**WHAT THE EXERCISE ASKS:** The first line of the entries is where the copy starts and the line with "Pendant's high: 3,00" is where it ends; set down each line exactly, both ends included, and drop pictures.

**STORED DATA:**
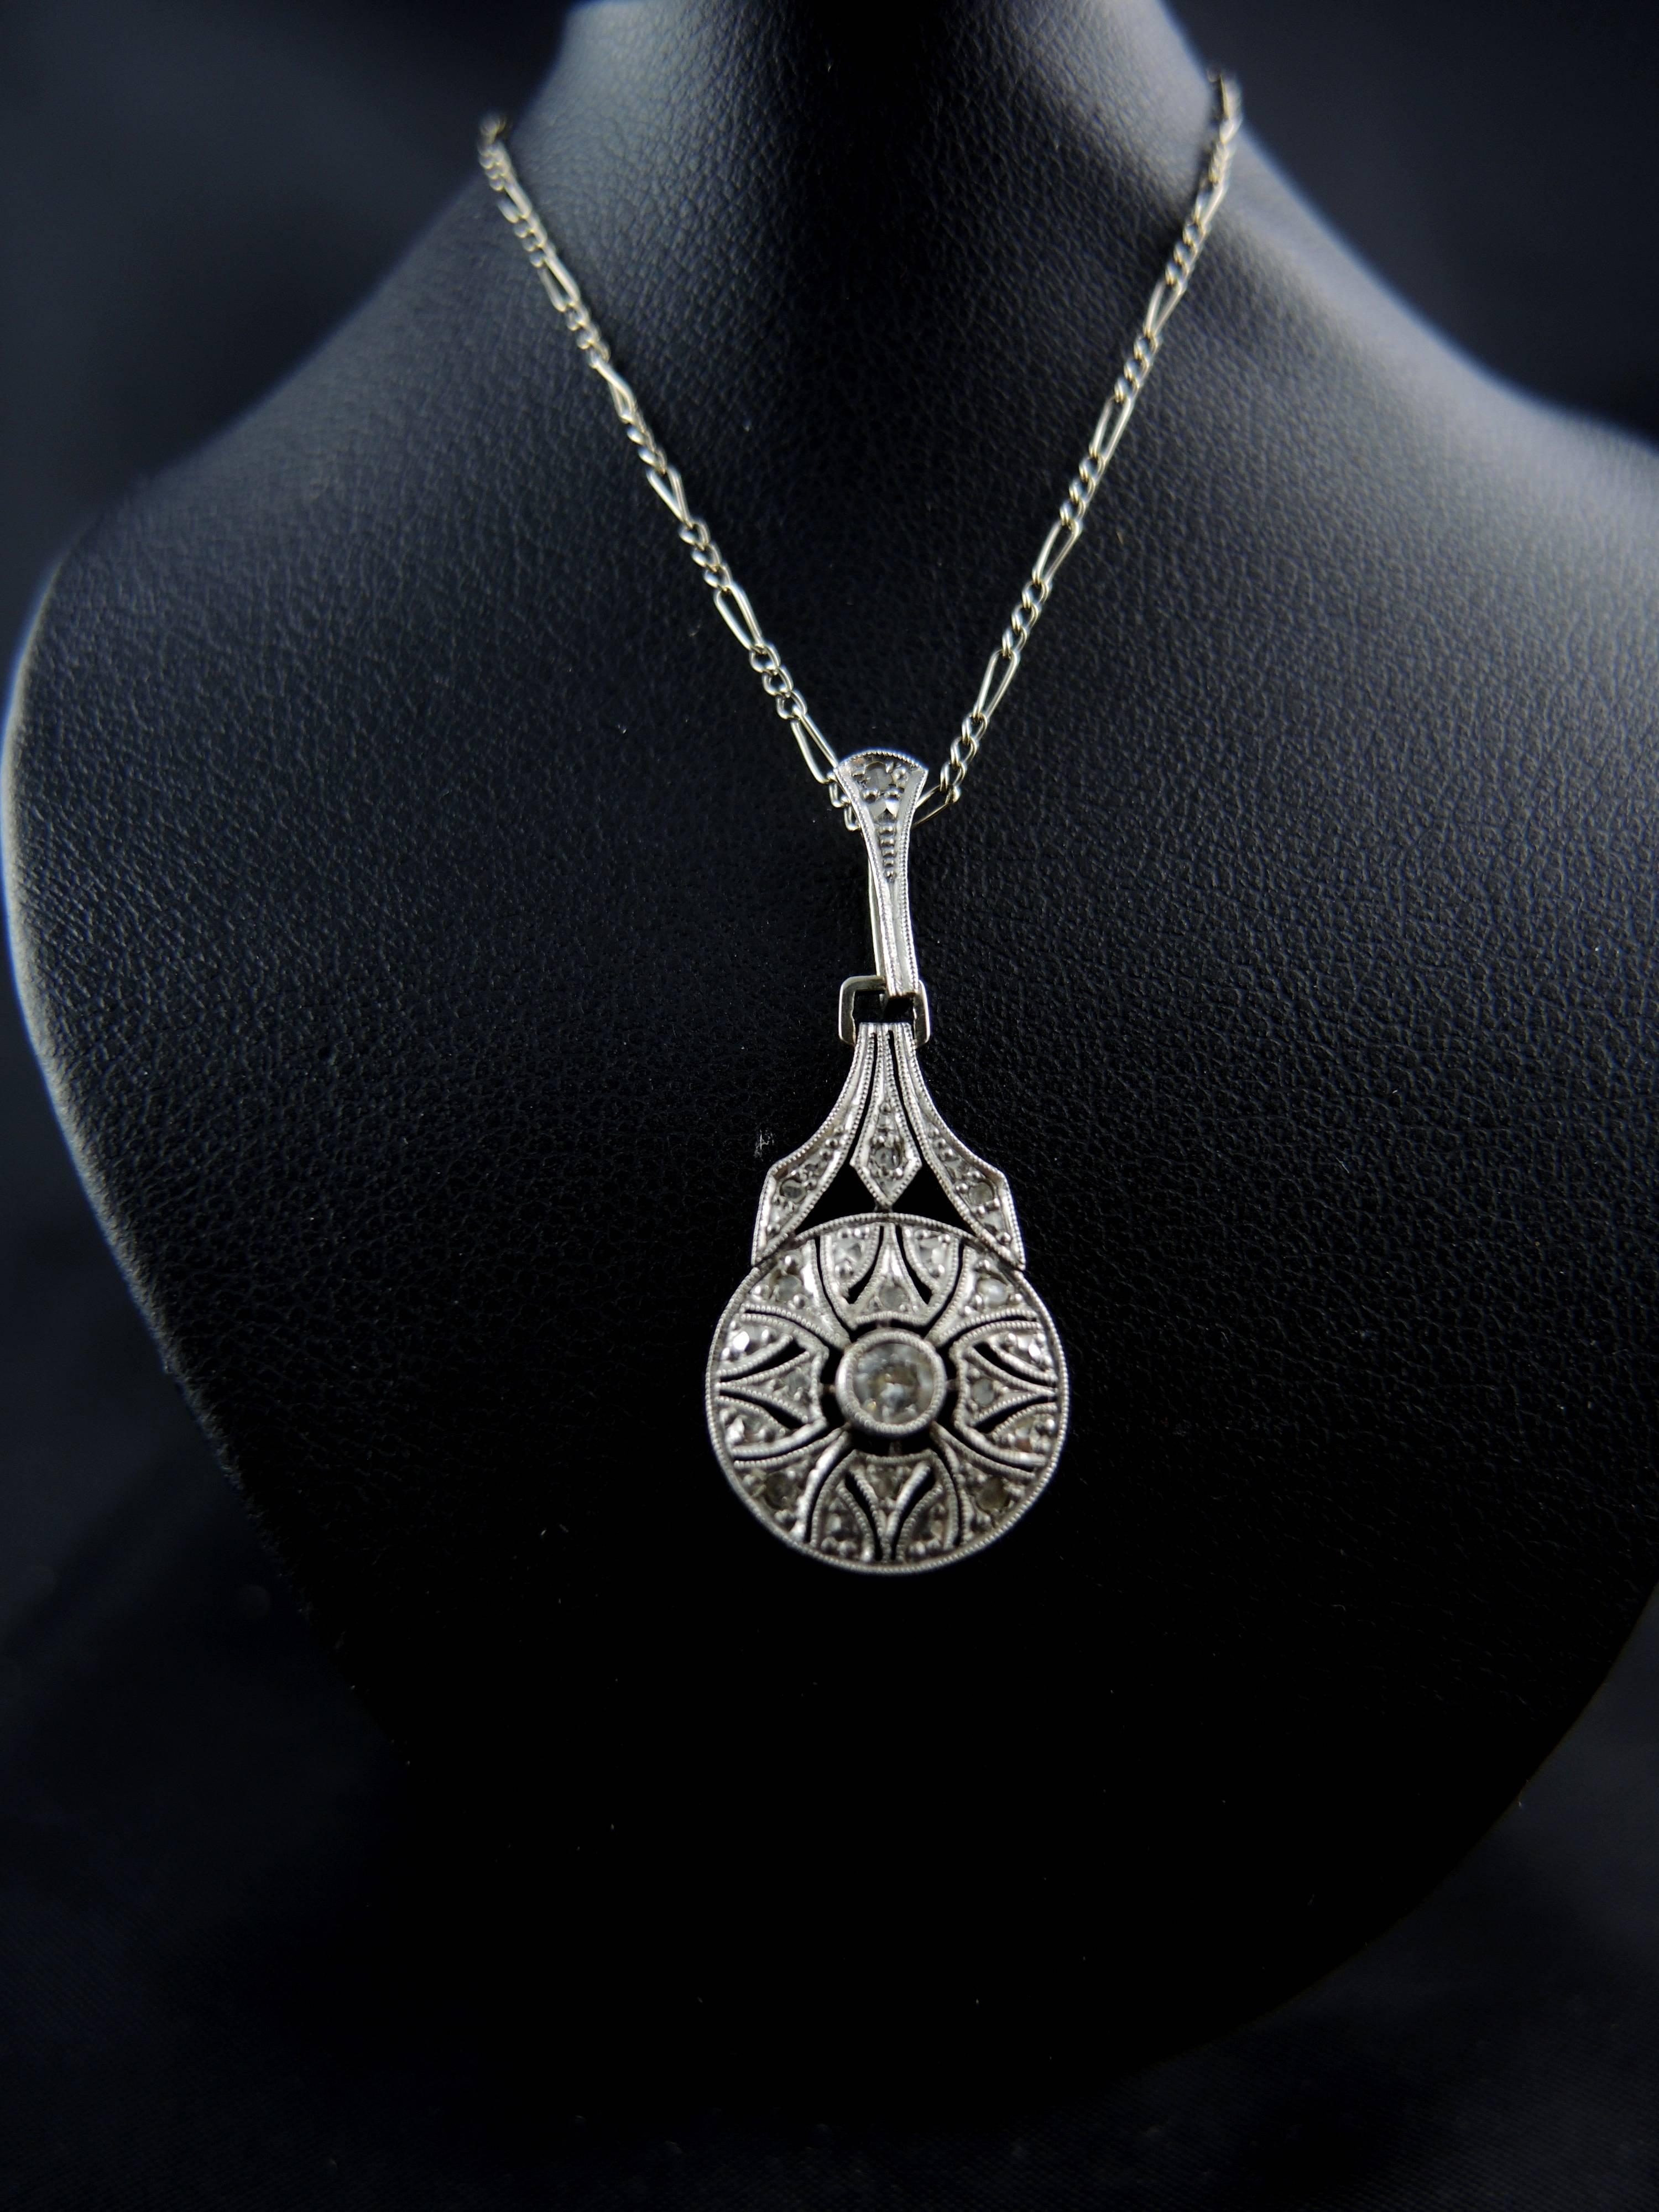 Antique 18kt white gold necklace (quality mark: head of eagle and owl) set with old and rose cut diamonds, which total weight is estimated around 0,25 ct.
 
Circa 1930, Art Deco.

Weight: 2,90 g
Chain's lenght: 42,00 cm
Pendant's high: 3,00
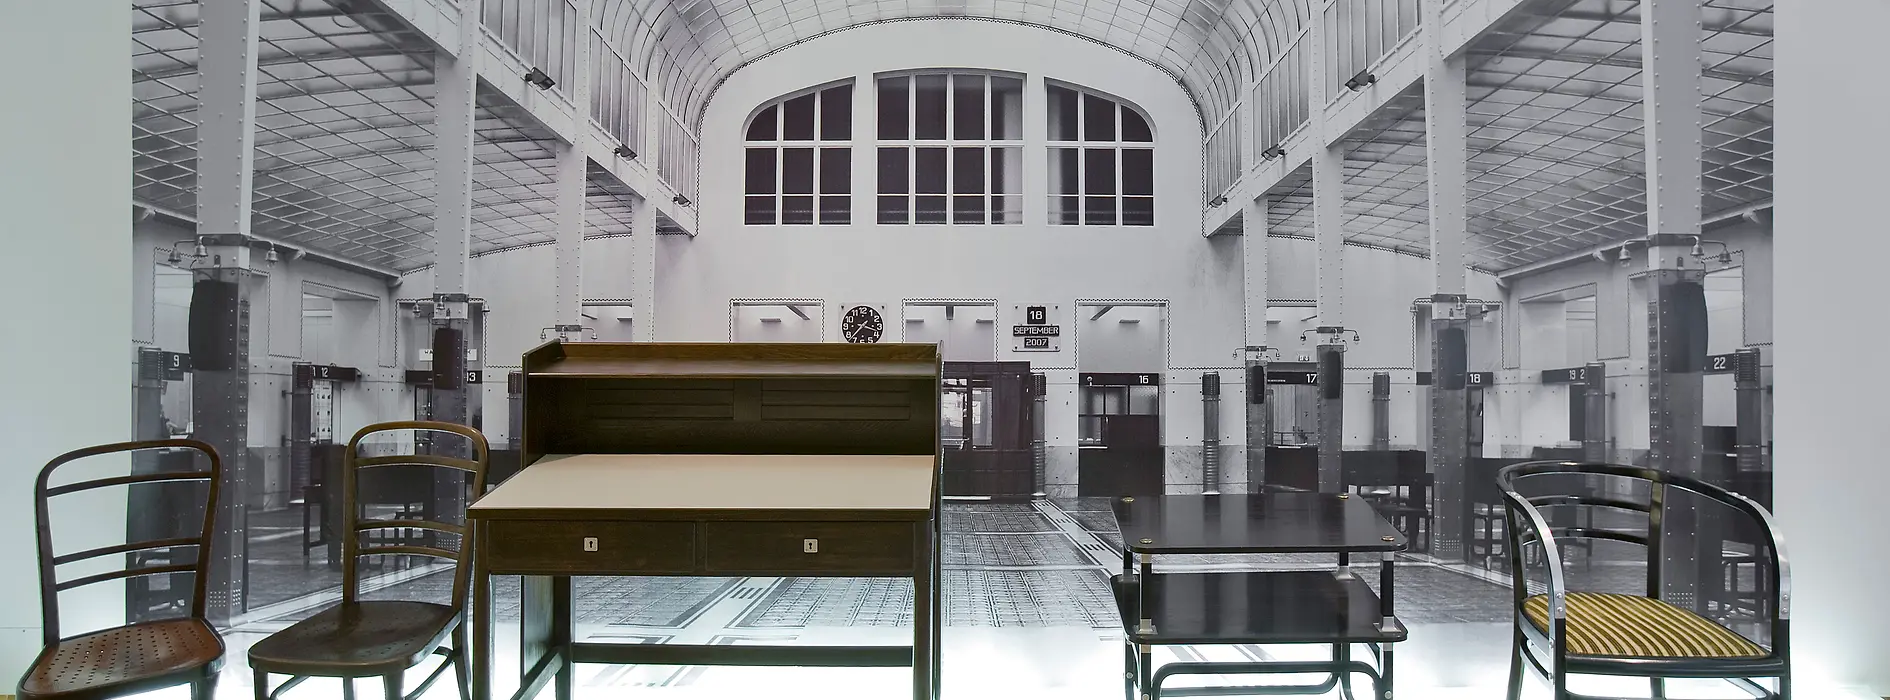 Furniture for the Vienna Post Savings Bank, designed by Otto Wagner, produced by the Thonet brothers, Vienna around 1904/06
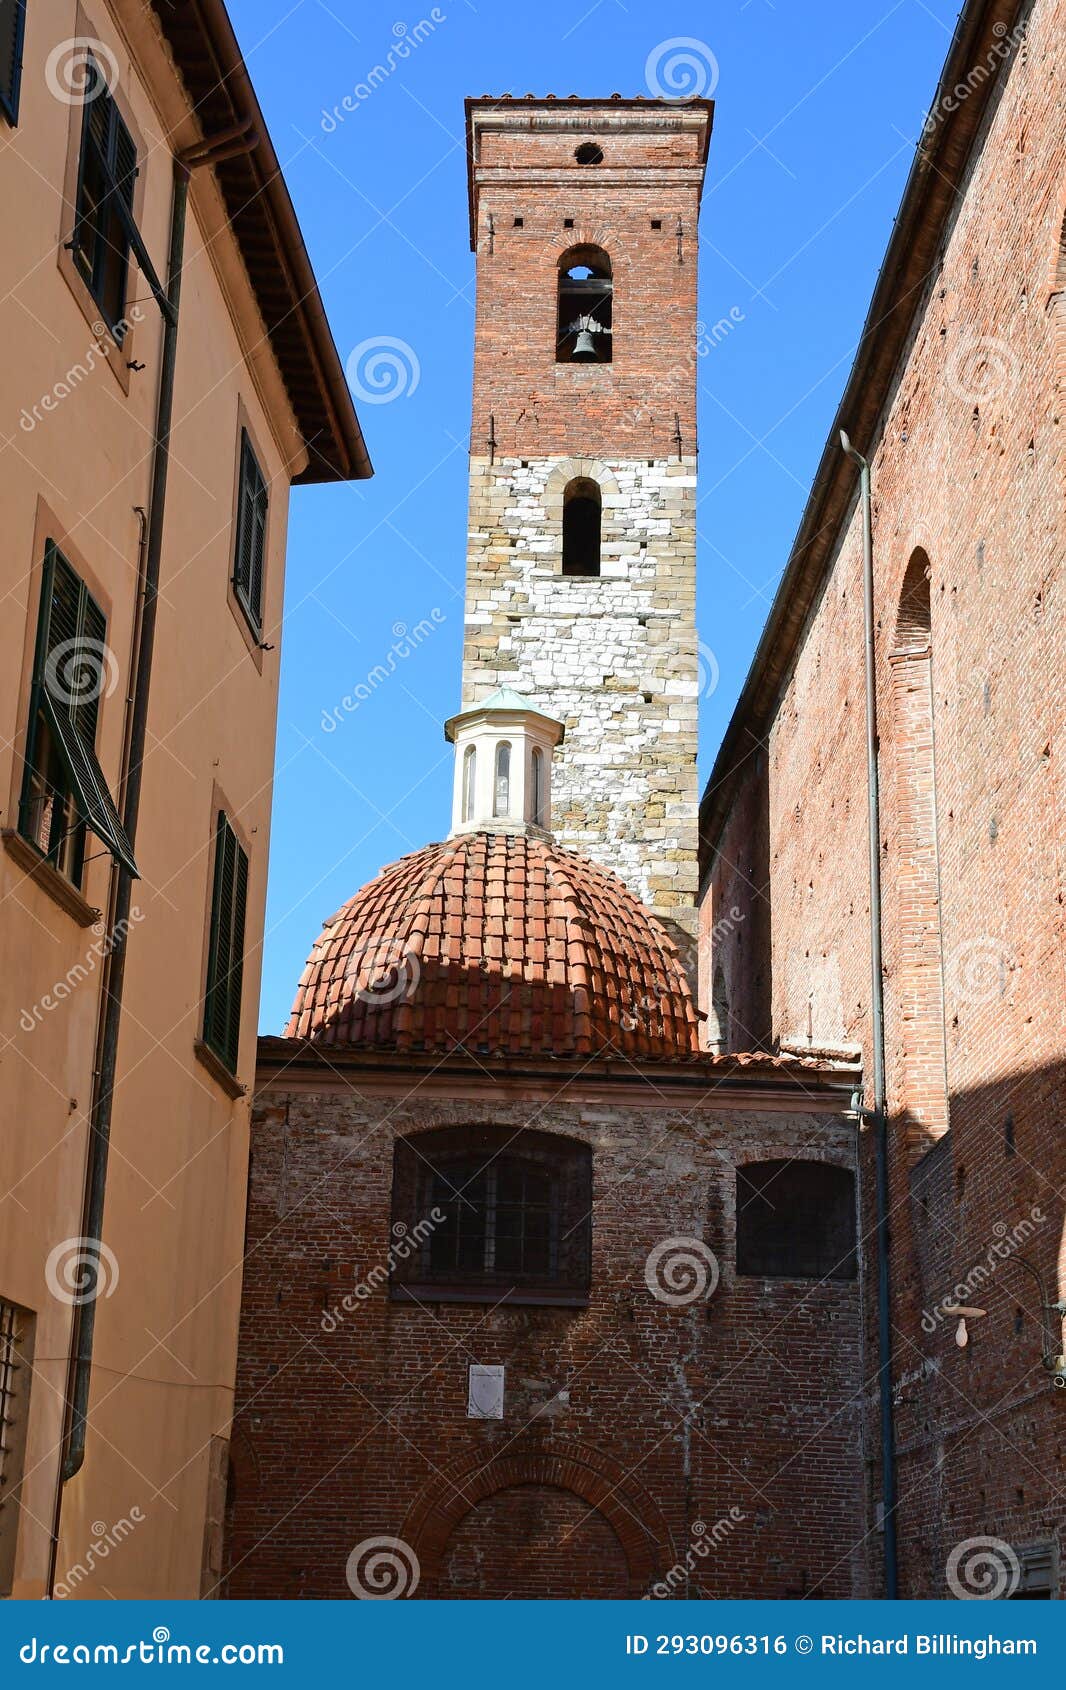 tower and chiesa di sant'agostino, piazza sant'agostino, lucca, tuscany, italy

**RESPONSE AREA:**
 Antique 18kt white gold necklace (quality mark: head of eagle and owl) set with old and rose cut diamonds, which total weight is estimated around 0,25 ct.
 
Circa 1930, Art Deco.

Weight: 2,90 g
Chain's lenght: 42,00 cm
Pendant's high: 3,00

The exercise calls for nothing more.